Before creating the visuals, I seperate H.C. Andersen’s text by sentiment values and then arranged them in descending order, limiting the results to only 5.
books_pos <- books_sentiment %>%
filter(sentiment=="positive") %>%
arrange(desc(n)) %>%
head(5)
books_neg <- books_sentiment %>%
filter(sentiment == "negative") %>%
arrange(desc(n)) %>%
head(5)
top_five <- bind_rows(books_pos, books_neg)
An interesting observation is that, with the exception of the lower two variables, the top 3 books that contain negative works also appears in the same order for containing the most positive words.
ggplot(top_five,mapping = aes(x = reorder(book, desc(n)), y = n)) +
geom_col() +
facet_grid(~sentiment,scales = "free") +
theme(axis.text.x = element_text(size = 6))
The amount of total negative words in the author’s collection exceeds the total positive words found.
Lex_DictionaryGI %>%
count(sentiment)
## sentiment n
## 1 negative 2005
## 2 positive 1637
Looking at the most frequent words that appeared in the text as well as it’s paired sentiment value, I was suprised by some of the labeling such as “stood” being assigned as positive, and “hand” as negative. I’m interested about the context in which the words appear. That likely played an impact in their sentiment assignment.

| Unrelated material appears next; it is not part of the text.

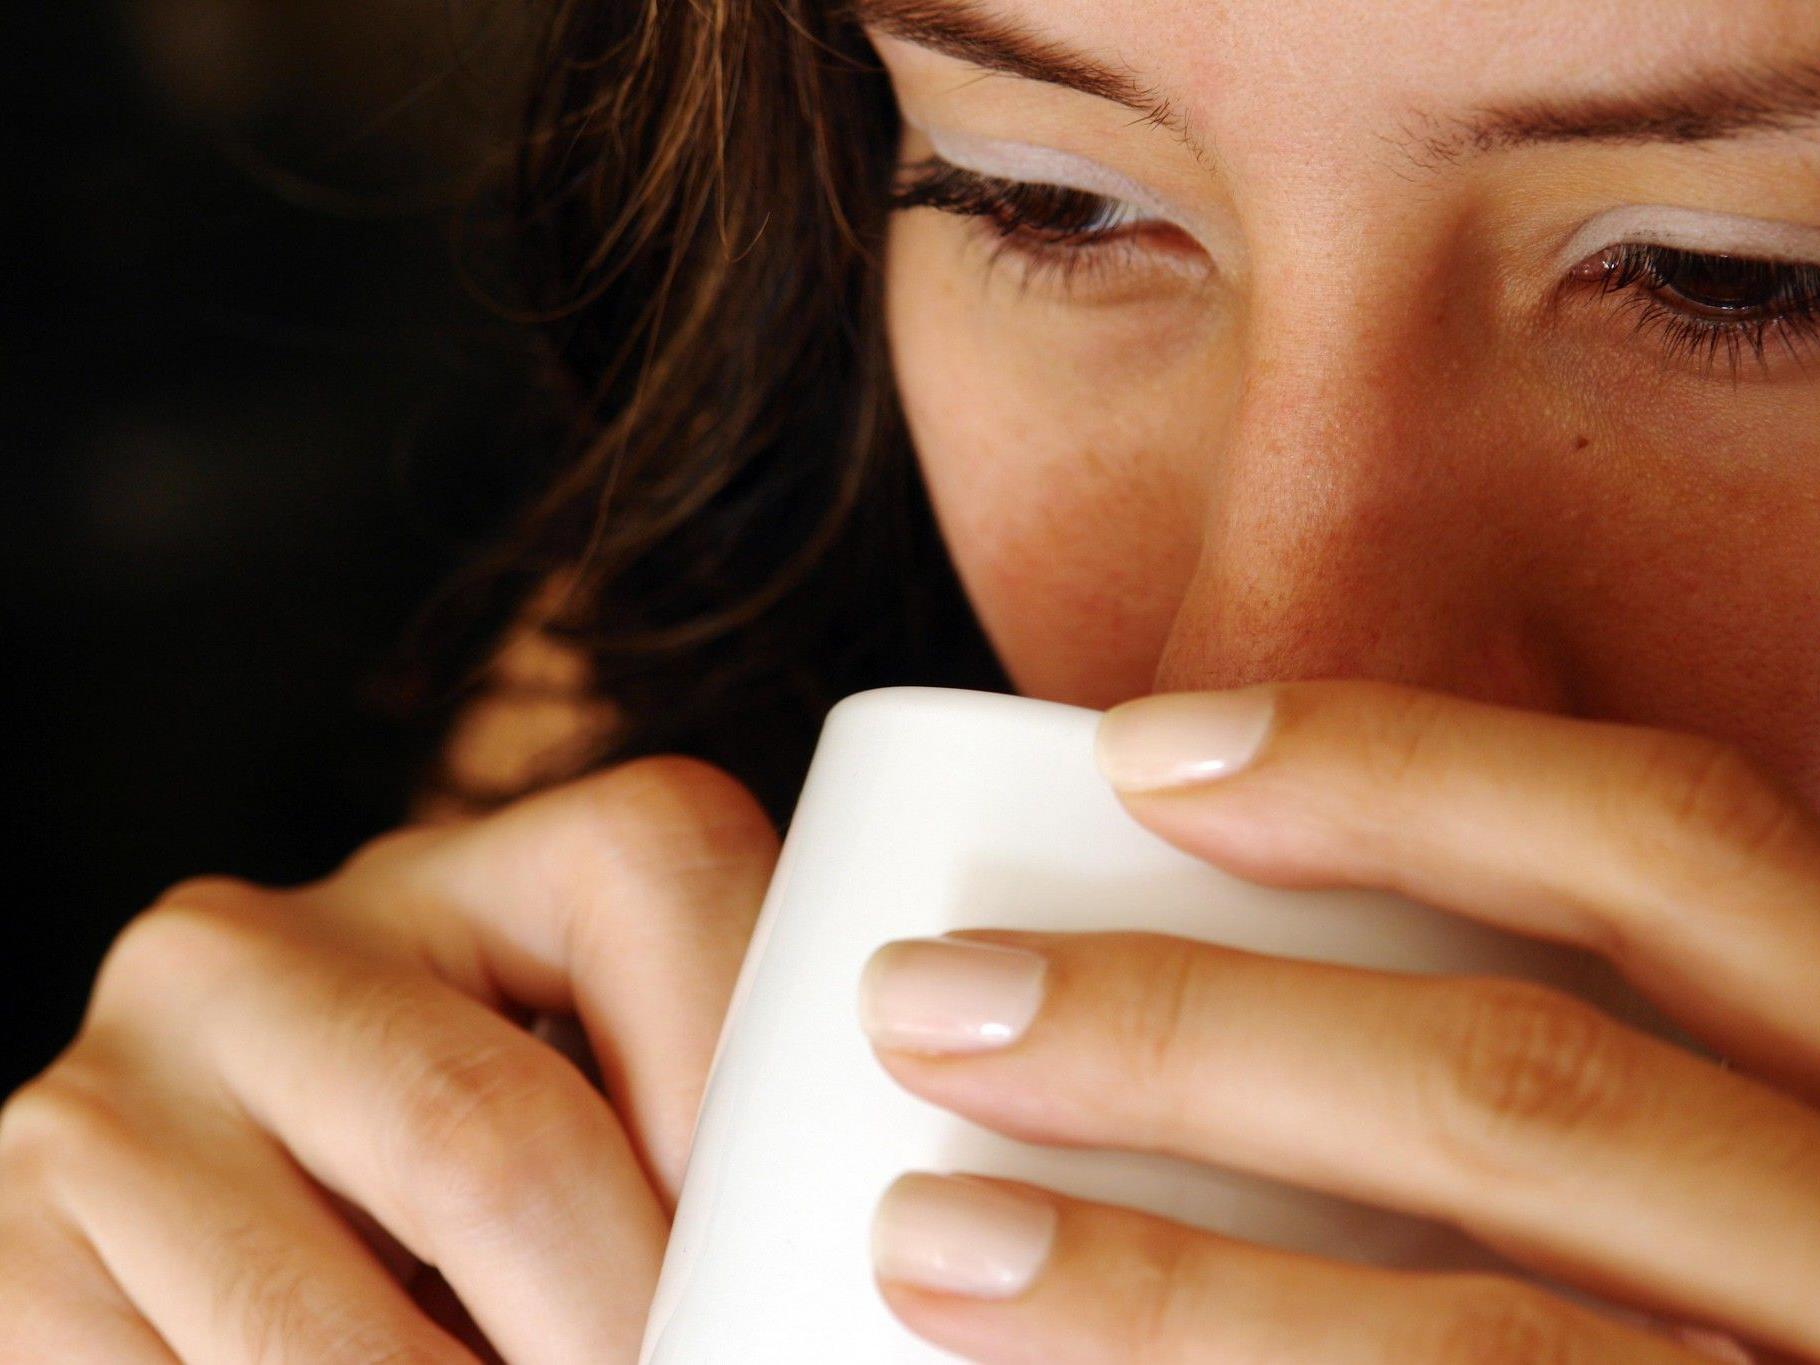 Einer Studie zufolge fallen positive Wörter schneller auf, wenn der Leser Kaffee getrunken hat.
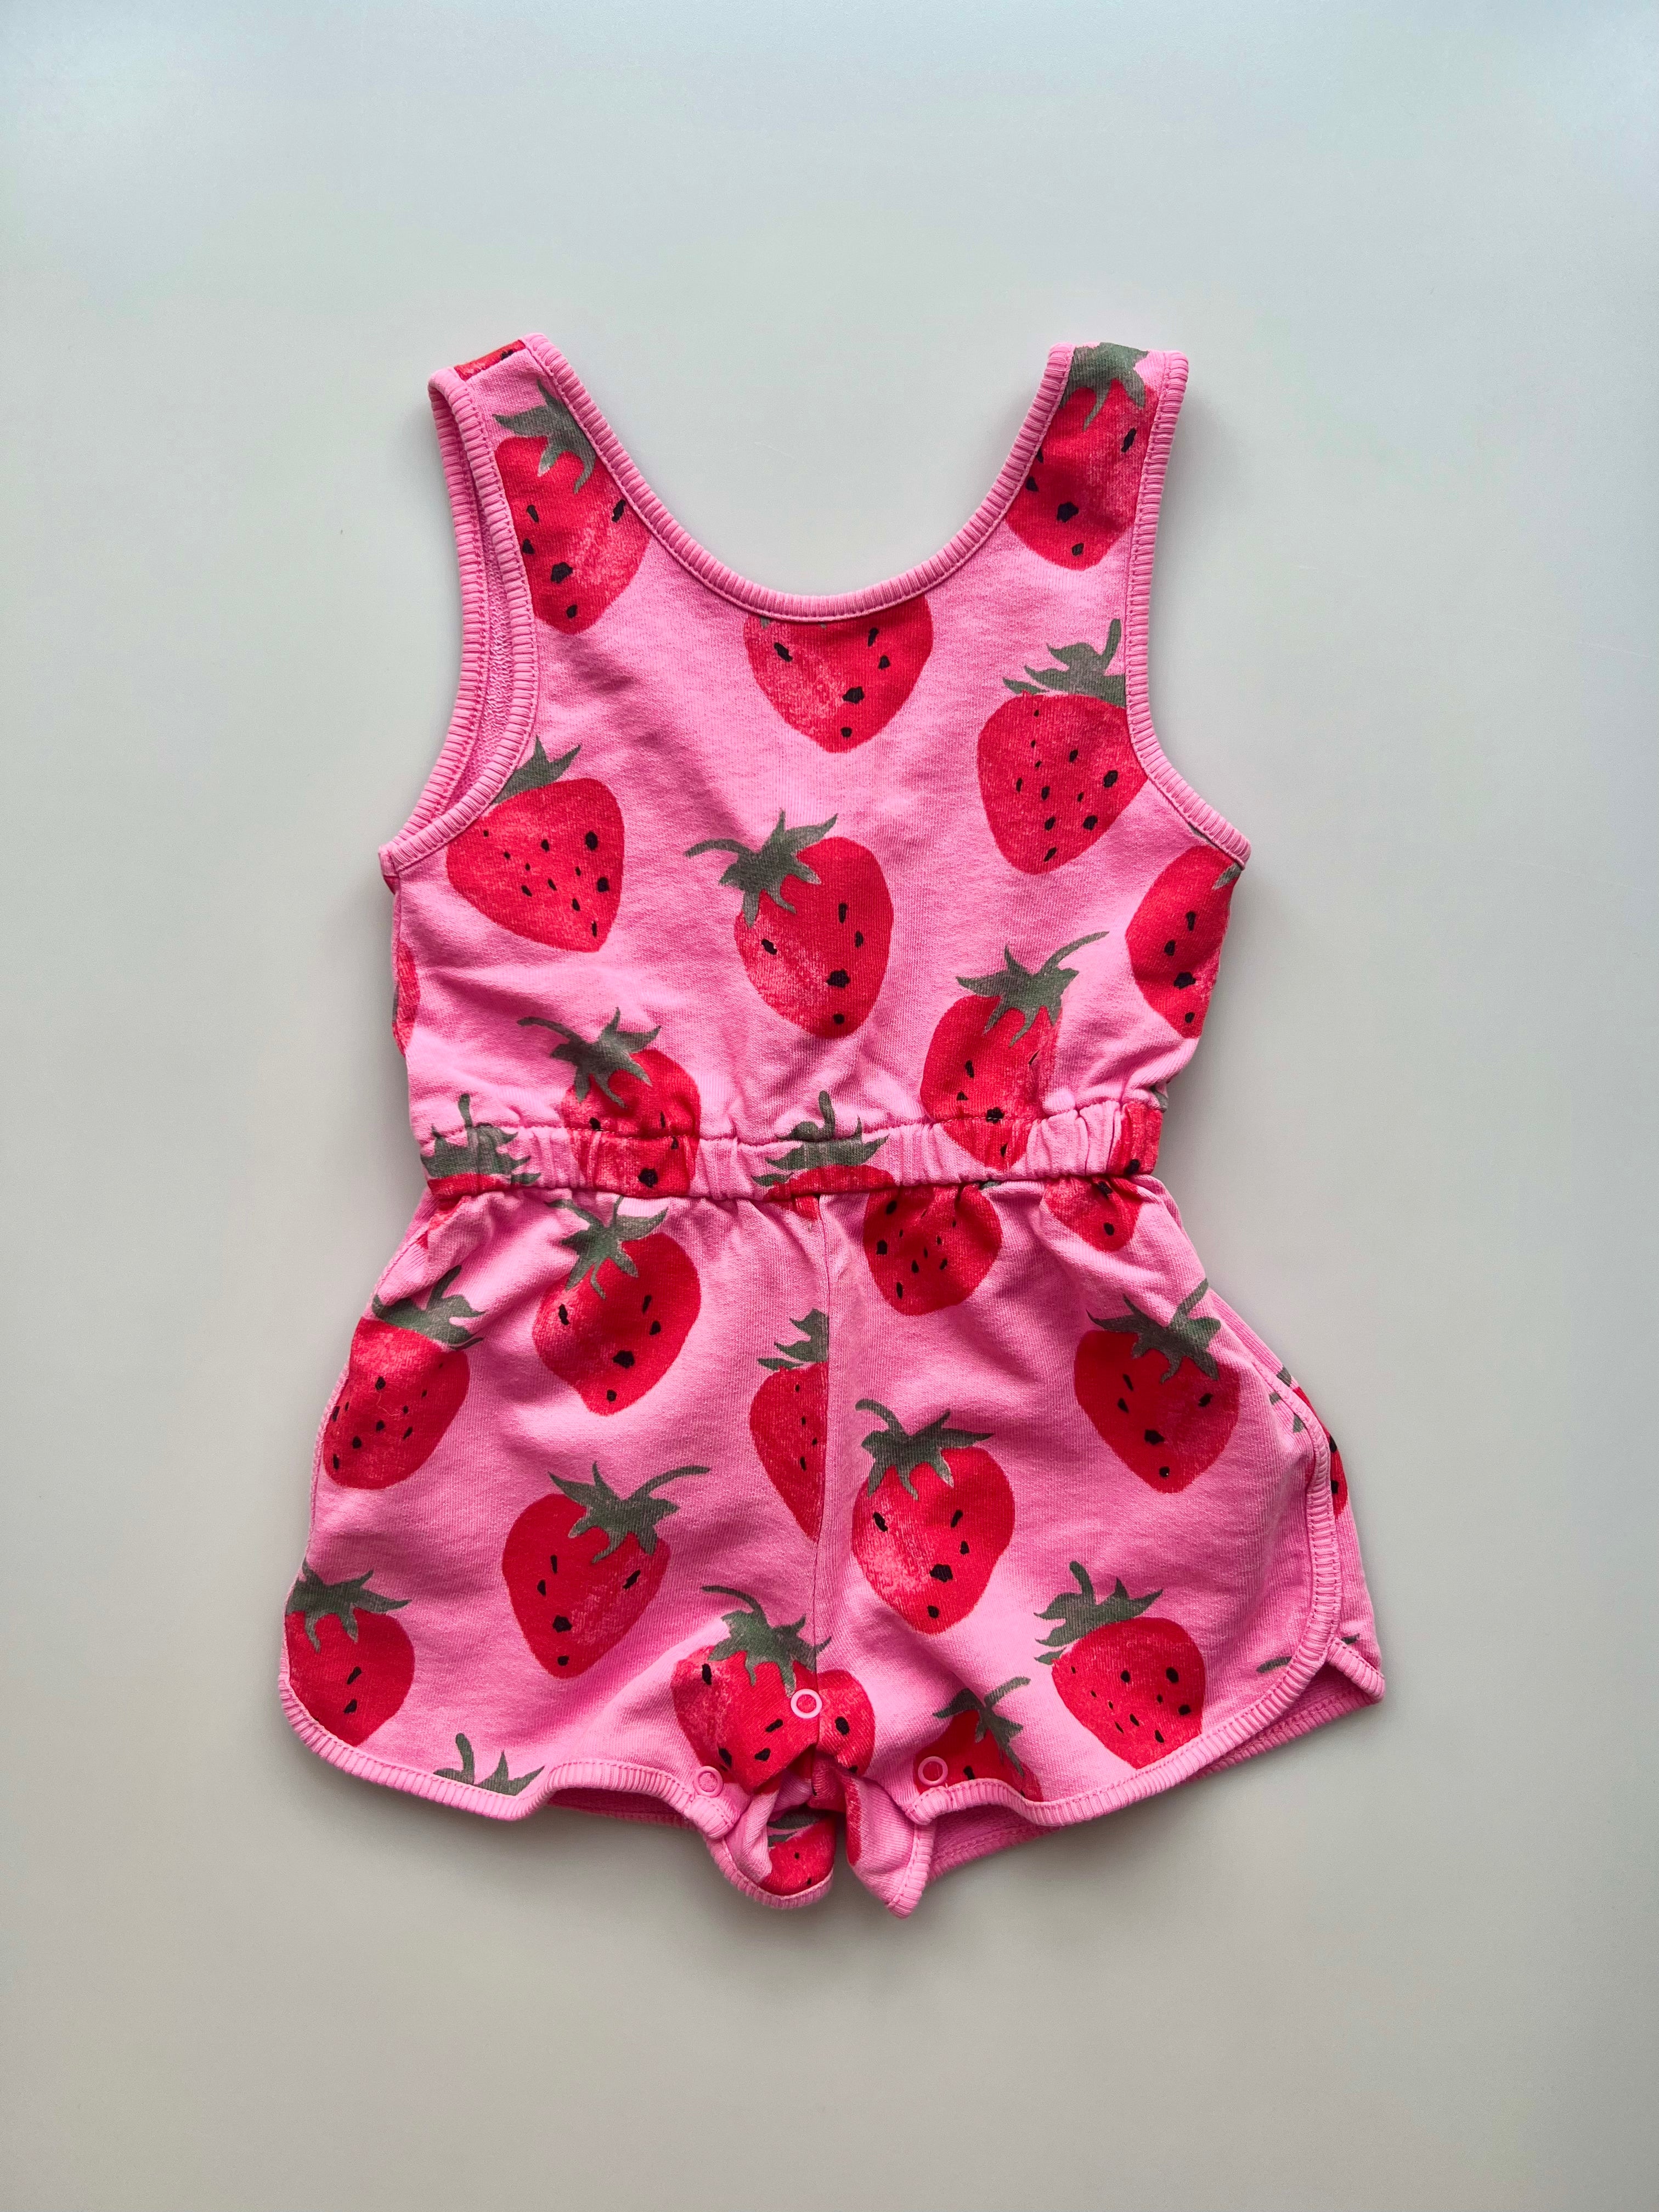 Zara Strawberry Romper 18-24 Months

dictGI_count <- tidy_hcane %>%
inner_join(Lex_DictionaryGI) %>%
count(word, sentiment, sort = TRUE) %>%
ungroup()
## Joining, by = "word"
dictGI_count
## # A tibble: 1,654 x 3
## word sentiment n
## <chr> <chr> <int>
## 1 stood positive 532
## 2 home positive 435
## 3 heart positive 355
## 4 lay negative 347
## 5 poor negative 336
## 6 hand negative 285
## 7 hand positive 285
## 8 light positive 257
## 9 round positive 250
## 10 dead negative 243
## # ... with 1,644 more rows
We can see in the visuals, that despite negative words appearing more frequently in the text, a positive word (“stood”) appear the most, when comparing both sentiments.
dictGI_count %>%
group_by(sentiment) %>%
slice_max(n, n = 10) %>%
ungroup() %>%
mutate(word = reorder(word, n)) %>%
ggplot(aes(n, word, fill = sentiment)) +
geom_col(show.legend = FALSE) +
facet_wrap(~sentiment, scales = "free_y") +
labs(x = "Sentiment Analysis",
y = NULL)